8. It is worth mentioning that petitioner has already deposited Rs.7,74,000/- before the trial Court. Therefore, I am of the view that this petition can be disposed of modifying the condition that the petitioner is not required to deposit any further money in compliance of the Family Court order except the amount of Rs.7,74,000/- which he has already deposited before the trial Court. 9. In similar circumstances, the High Court of Kerala in Mohanan A. (supra) was of the view that the impugned order can be modified by substituting payment of cost of Rs.5,000/- (Rupees Five Thousand). 10. Therefore, having taken into consideration the fact that the petitioner herein has already deposited an amount of Rs.7,74,000/- before the trial Court, therefore he is not directed to deposit rest of the amount which is required to fulfill the condition of depositing half of the amount imposed by the Family Court as ex parte order has already been set aside by the Family Court. 11. Therefore, this petition is disposed of modifying the condition imposed by the Family Court that whatsoever amount has already been deposited by the petitioner-husband/father before the trial Court, that be deemed sufficient. 12. Parties are directed to appear before the Family Court and Family Court shall decide the application under section 125 of Cr.P.C. in accordance with the provisions of the law.
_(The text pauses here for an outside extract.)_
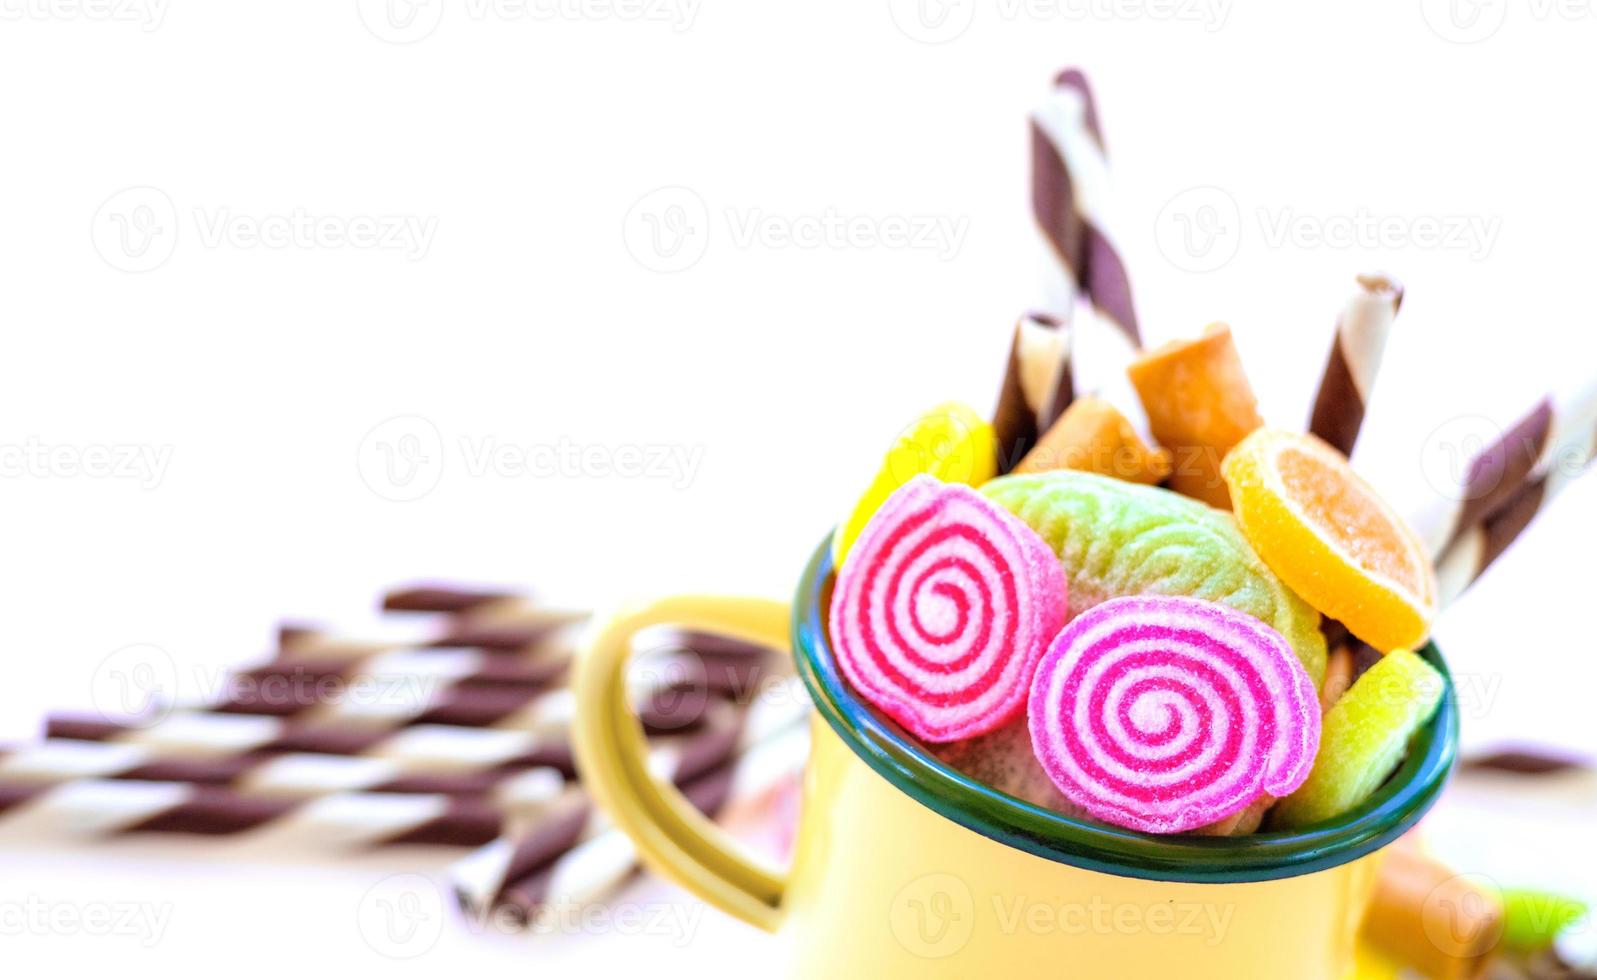 dulces coloridos y caramelos de azúcar en un fondo blanco foto
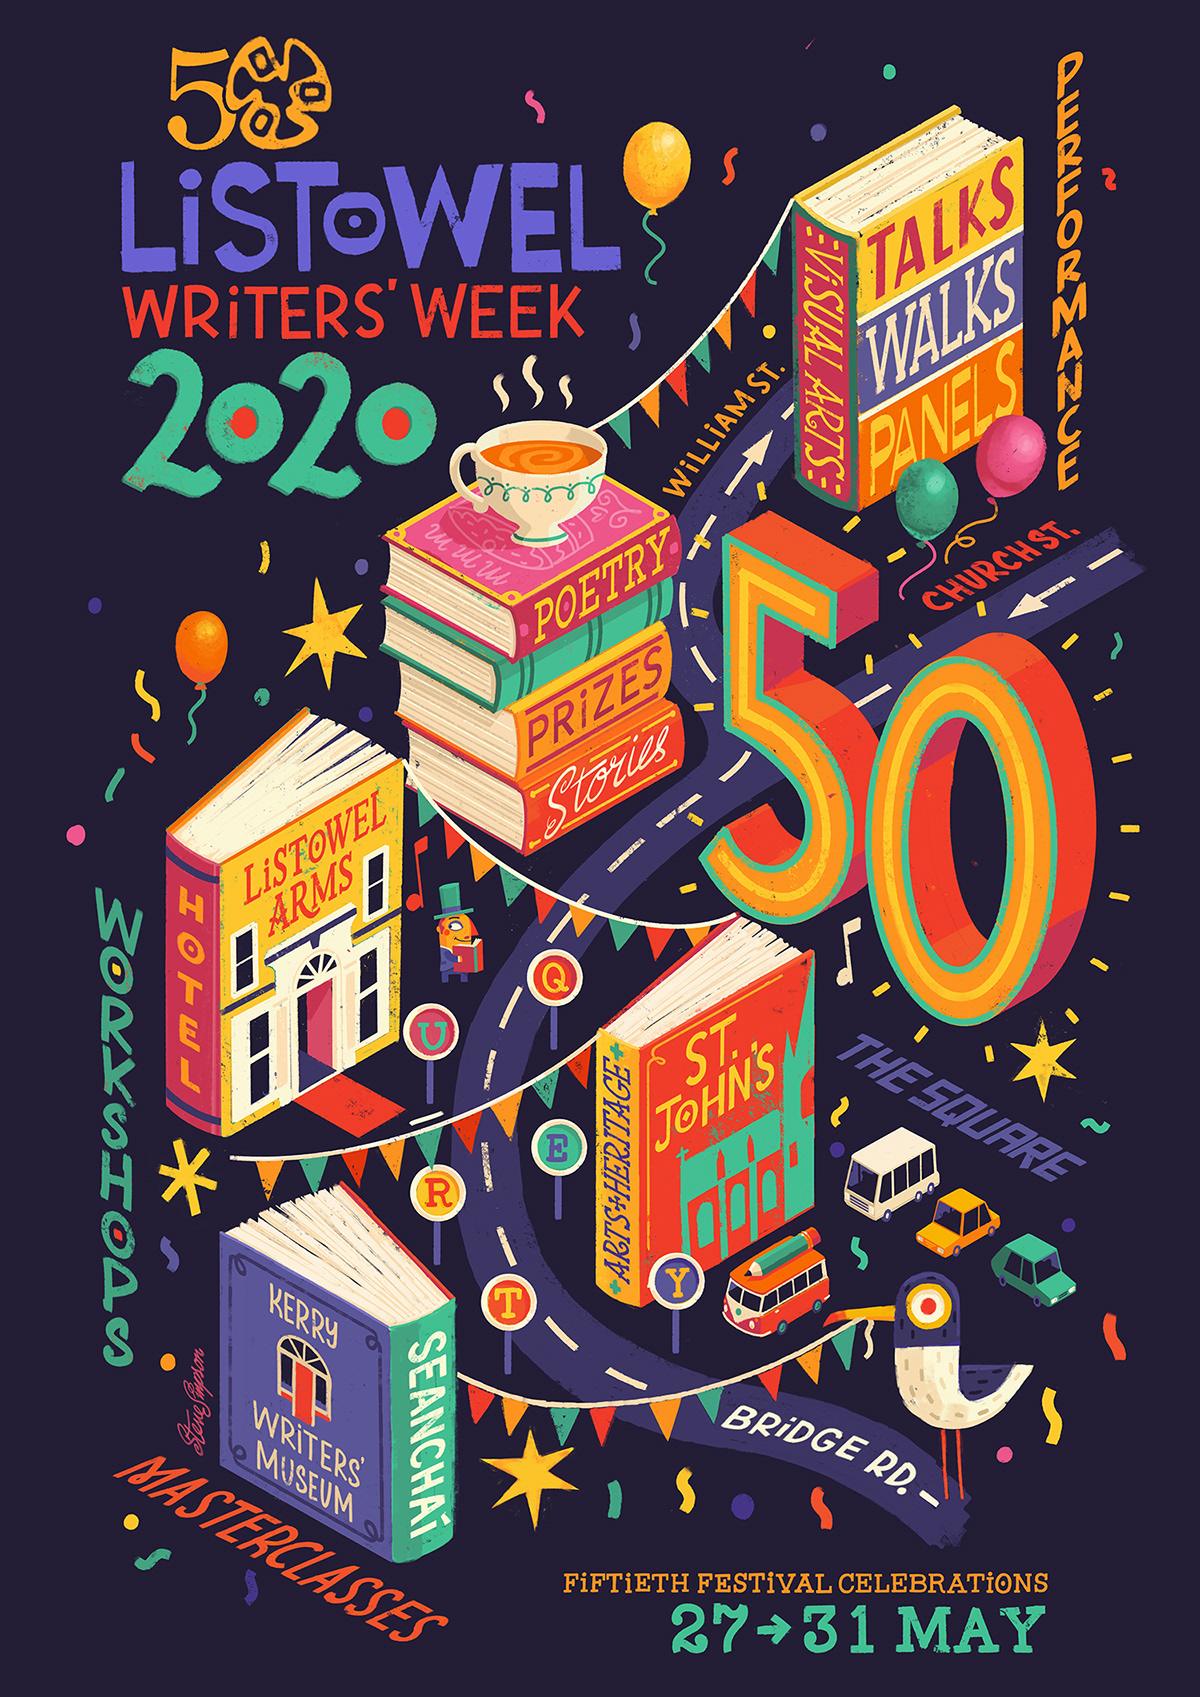 Listowel Writers' Week 2020 poster illustration by Steve Simpson

However, it is made clear that amount so deposited by the petitioner shall not be released till final disposal of the application and if any order granting interim maintenance or maintenance is passed by the Family Court, the amount so deposited may be adjusted against the deposited amount with the consent of petitioner husband. The order dated 25.11.2024 passed by the learned Principal Judge, Family Court, Sehore with regard to transmitting and enabling U.S. Department of Justice for cancellation of passport of the petitioner is quashed in the light of the order dated 2.12.2024 whereby application under section 126(2) of Cr.P.C. has been allowed. 13. This revision petition stands disposed of accordingly.